See http://code.google.com/apis/ajaxlanguage/documentation/
回答3:
There is nothing about the URL itself that will indicate language.
One option would be to use a natural language toolkit to try to identify the language based on the content, but even if you can get the NLP part of it working, it'll be pretty slow. Also, it may not be reliable. Remember, most user agents pass something like
Accept-Language: en-US
with each request, and many large websites will serve different content based on that header. Smaller sites will be more reliable because they won't pay attention to the language headers.
You could also use server location (i.e. which country the server is in) as a proxy for language using GeoIP. It's obviously not perfect, but it is much better than using the TLD.
回答4:
You might want to try ngram based detection.
TextCat DEMO (LGPL) seems to work pretty well (recognizes almost 70 languages).

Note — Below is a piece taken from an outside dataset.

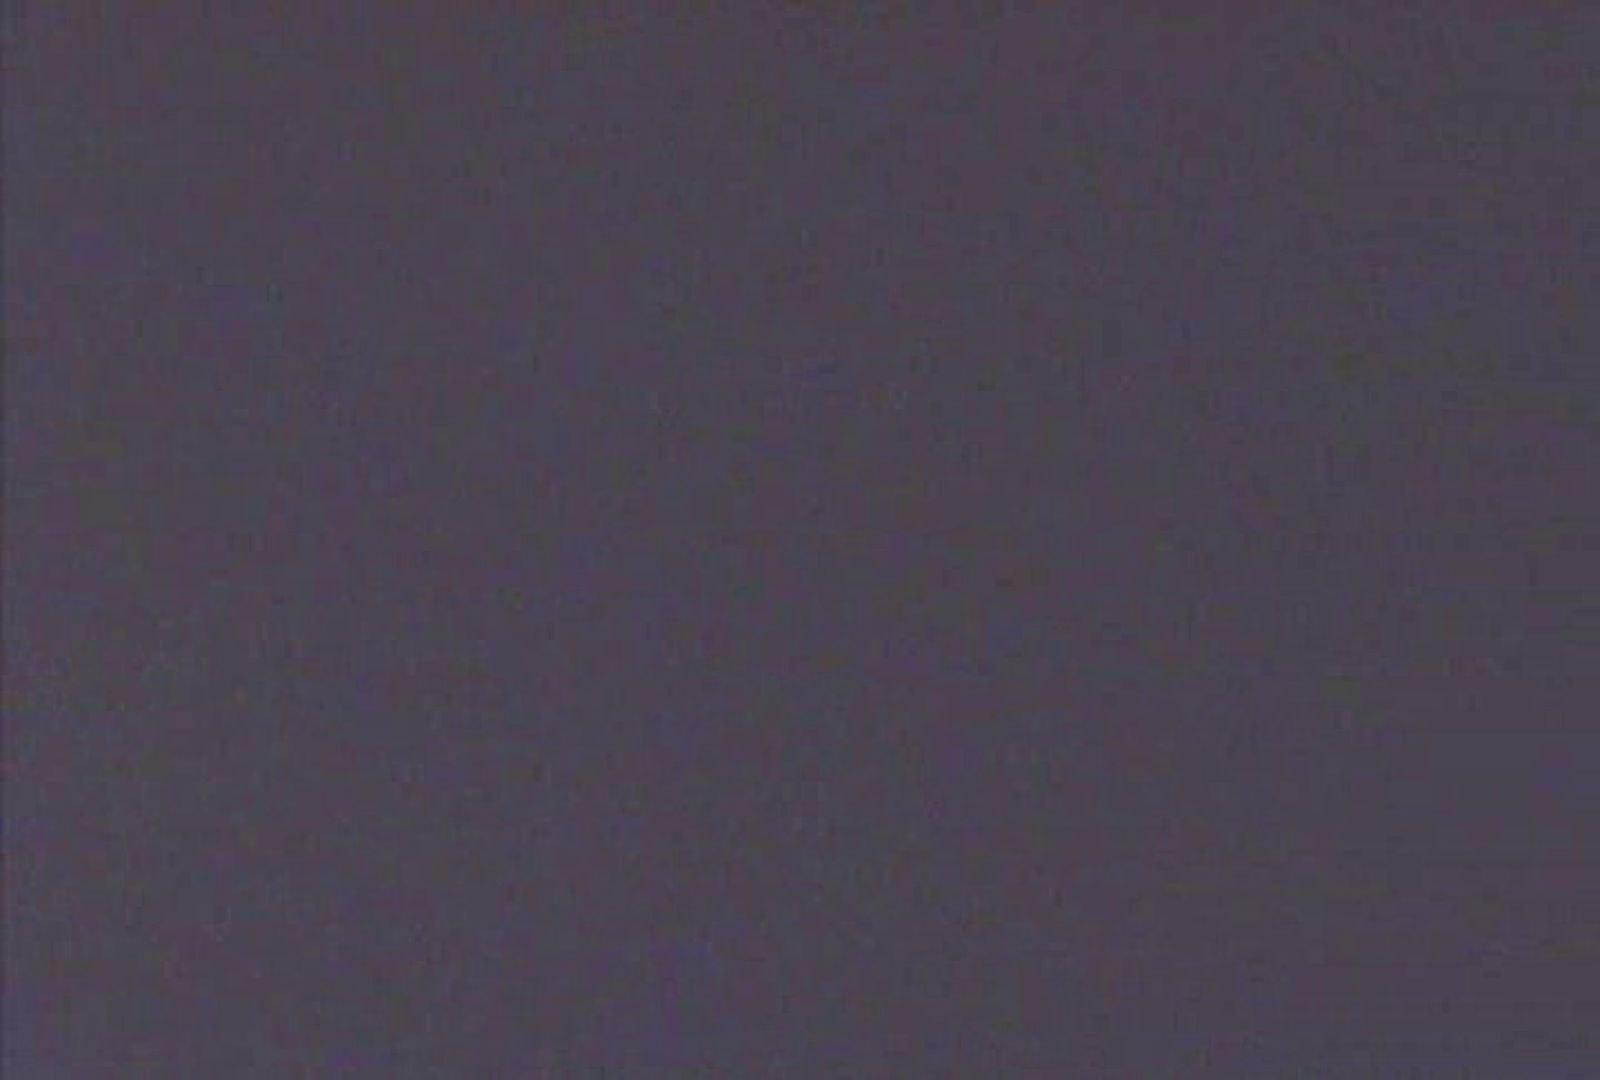 素人投稿シリーズ 盗撮 覗きの穴場 大浴場編  Vol.2 盗撮大放出  96連発 72

There is a python port provided by Thomas Mangin here using the same corpus.
Edit: TextCat competitors page provides some interesting links too.
Edit2: I wonder if making a python wrapper for http://www.mnogosearch.org/guesser/ would be difficult...
回答5:
nltk might help (if you have to get down to dealing with the page's text, i.e. if the headers and the url itself don't determine the language sufficiently well for your purposes); I don't think NLTK directly offers a "tell me which language this text is in" function (though NLTK is large and continuously growing, so it might in fact have it), but you can try parsing the given text according to various possible natural languages and checking which ones give the most sensible parse, wordset, &c, according to the rules for each language.
回答6:
There's no general method that will work solely on URLs. You can check the top-level domain to get some idea, and look for portions of the URL that might be indicative of a language (like "en" or "es" between two slashes), and assume anything unknown is in English, but it isn't a perfect solution.
So far as I know, the only general way to determine the natural language used by a page is to grab the page's text and check for certain common words in each language. For example, if "a", "an", and "the" appear several times in the page, it's likely that it includes English text; "el" and "la" might suggest Spanish; and so on.
回答7:
In Python, the langdetect package (found here) can do this.
It is based on Googles automatic language detection and supports by default 55 languages.
It is installed by using
pip install langdetect
And then for example running
from langdetect import detect
detect("War doesn't show who's right, just who's left.")
detect("Ein, zwei, drei, vier")
Will return 'en' and 'de' respectively.